Overall, the results showed that CA, rather than SP, not only achieved the downregulation of the expression of URAT1 and GLUT9, but also inhibited the formation of UA in vitro and the stable binding to the traditional active pocket of XO. It can be concluded that chlorogenic acid has an excellent affinity to XO, which could be used as a potential therapy for the treatment of hyperuricemia.

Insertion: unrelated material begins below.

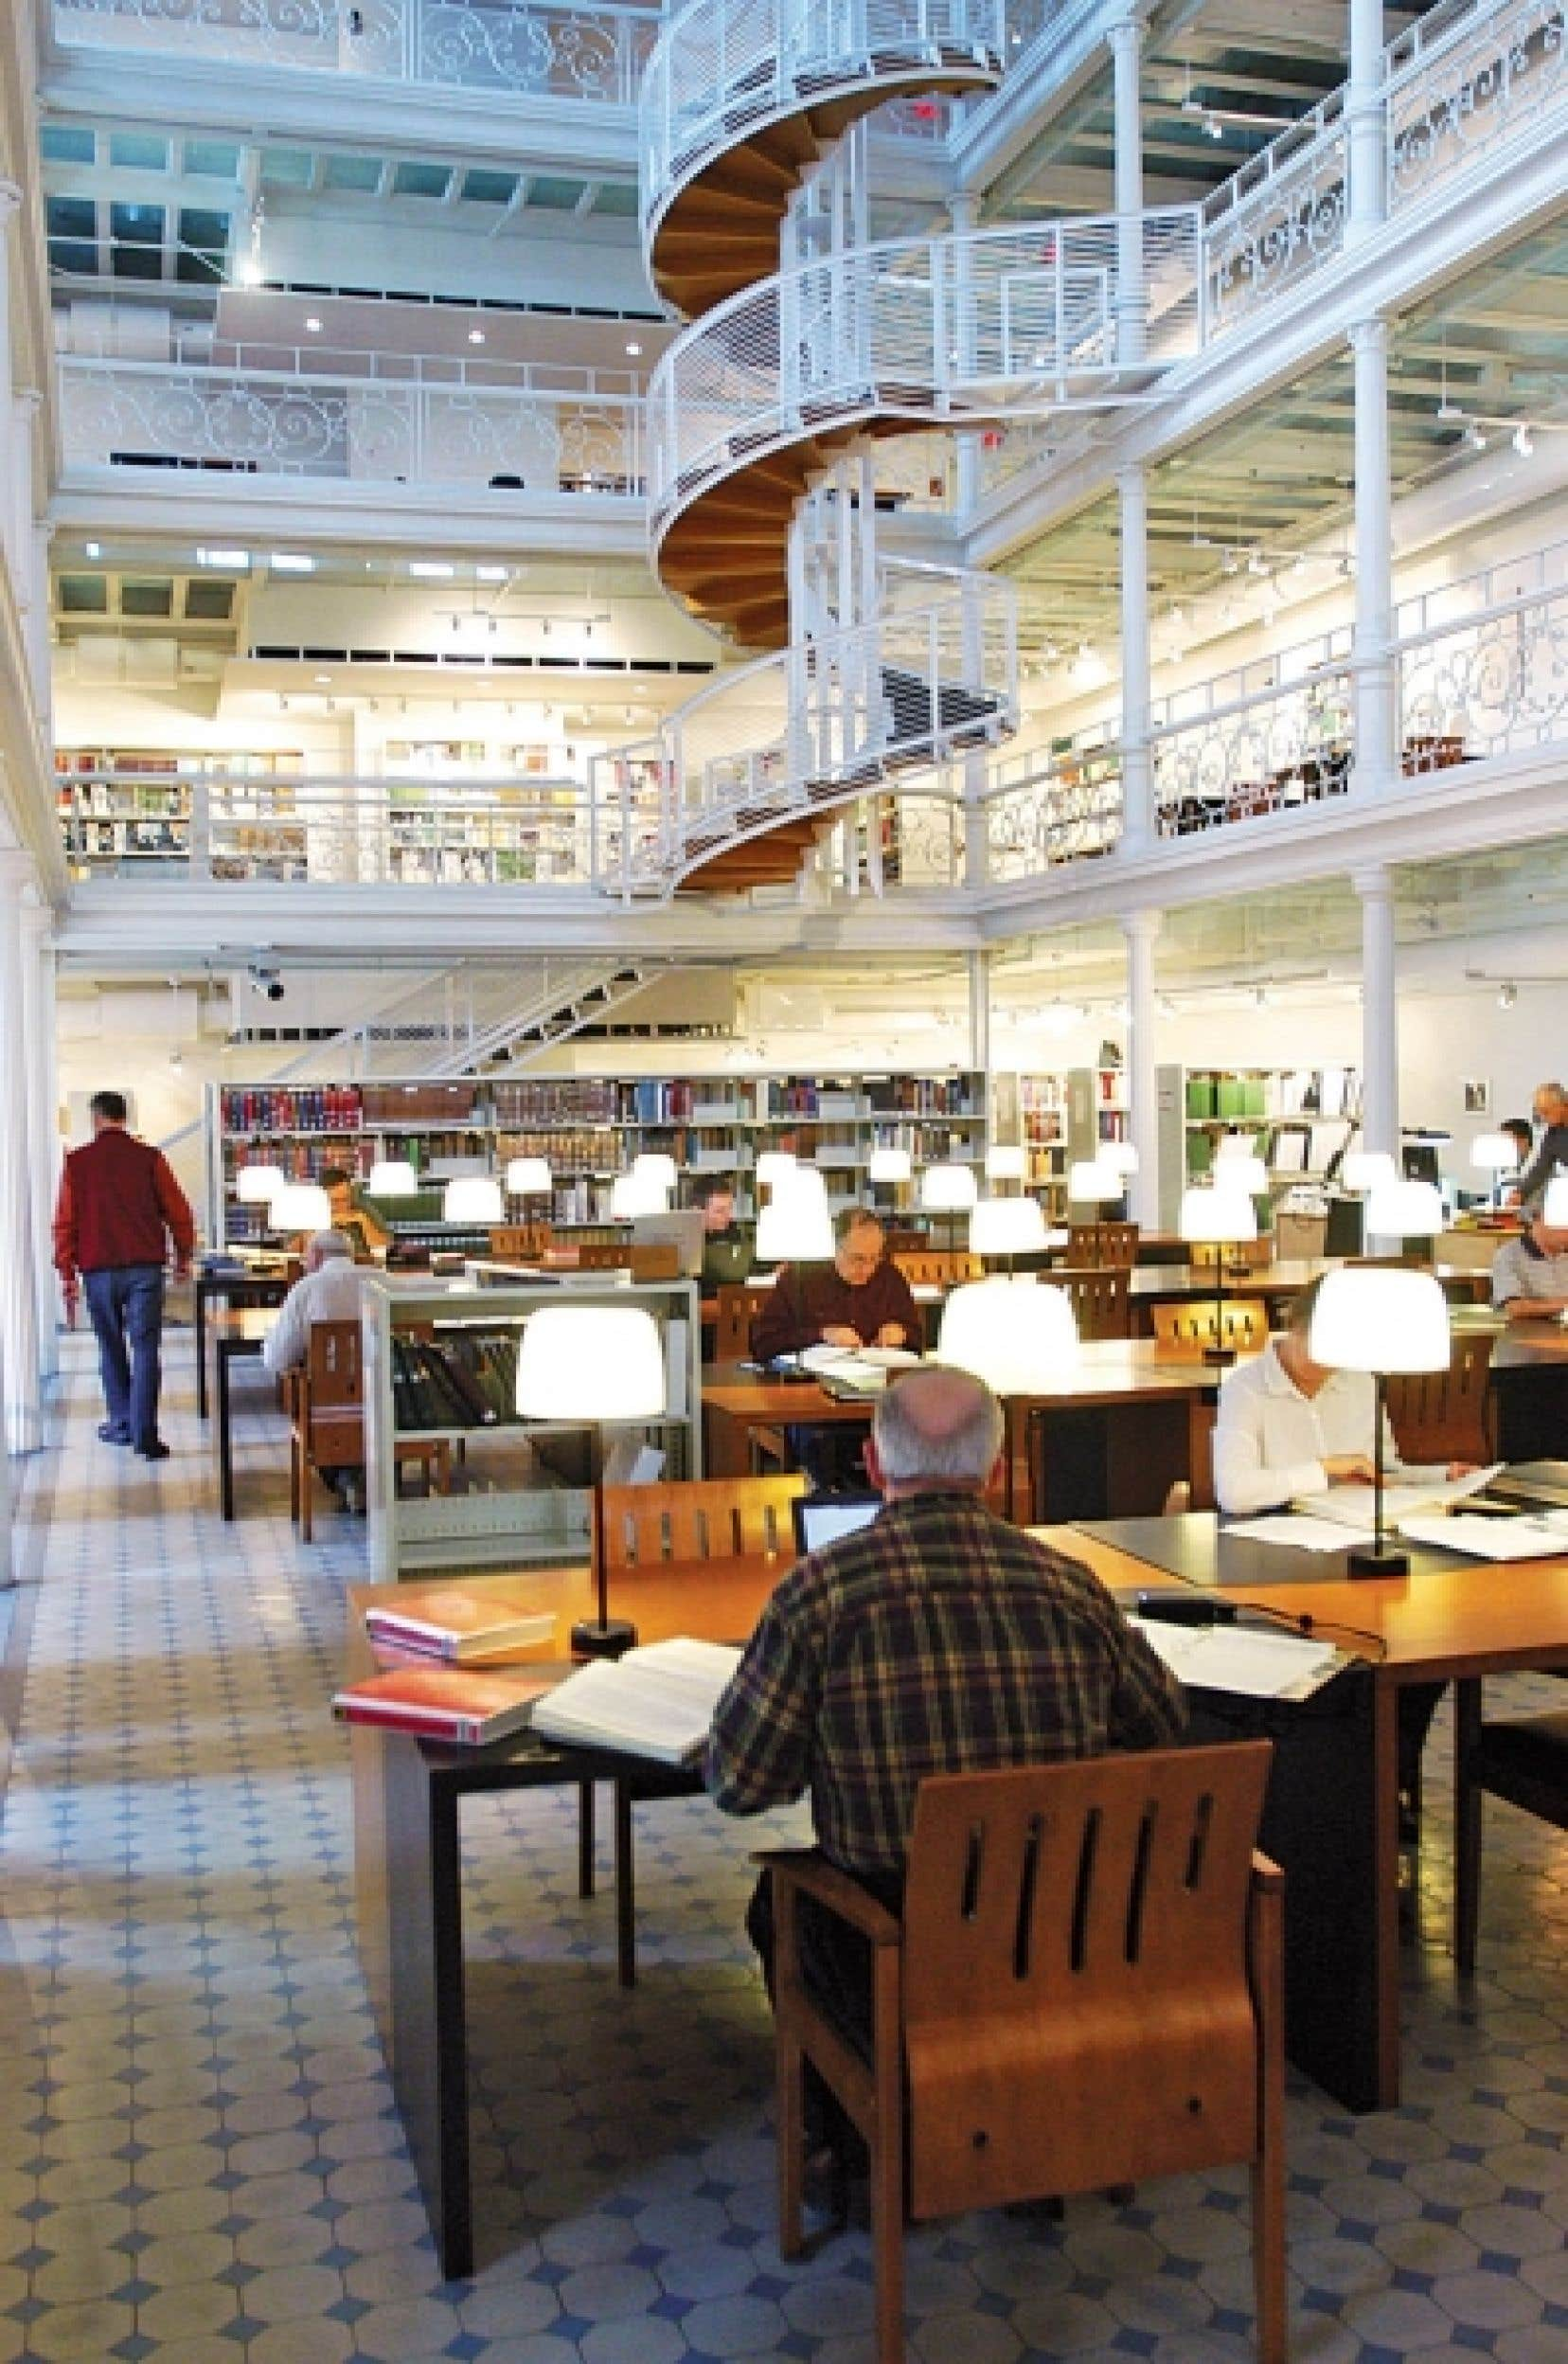 Le centre montréalais des Archives nationales dans l'ancien établissement des Hautes Études commerciales, avenue Viger. Le Québec a été dépossédé d'une grande quantité de précieux documents datant de la Nouvelle-France.<br />

Given the above, future studies are needed to determine other potential ingredients in sunflower calathide. Moreover, it might be of great significance to develop drugs with chlorogenic acid and scopoletin that are widespread in botany as alternative anti-hyperuricemia therapy.

5. Conclusions

To summarize, the present study revealed the potential mechanism associated with anti-hyperuricemia effects of the extract of Helianthus annuus L. calathide. Chlorogenic acid was not only an efficient inhibitor of URAT1 and GLUT9 involved in UA excretion, but also a competitive inhibitor of XO. The current study lays material basis for developing Helianthus annuus L. as herbal medicine and alternative therapy.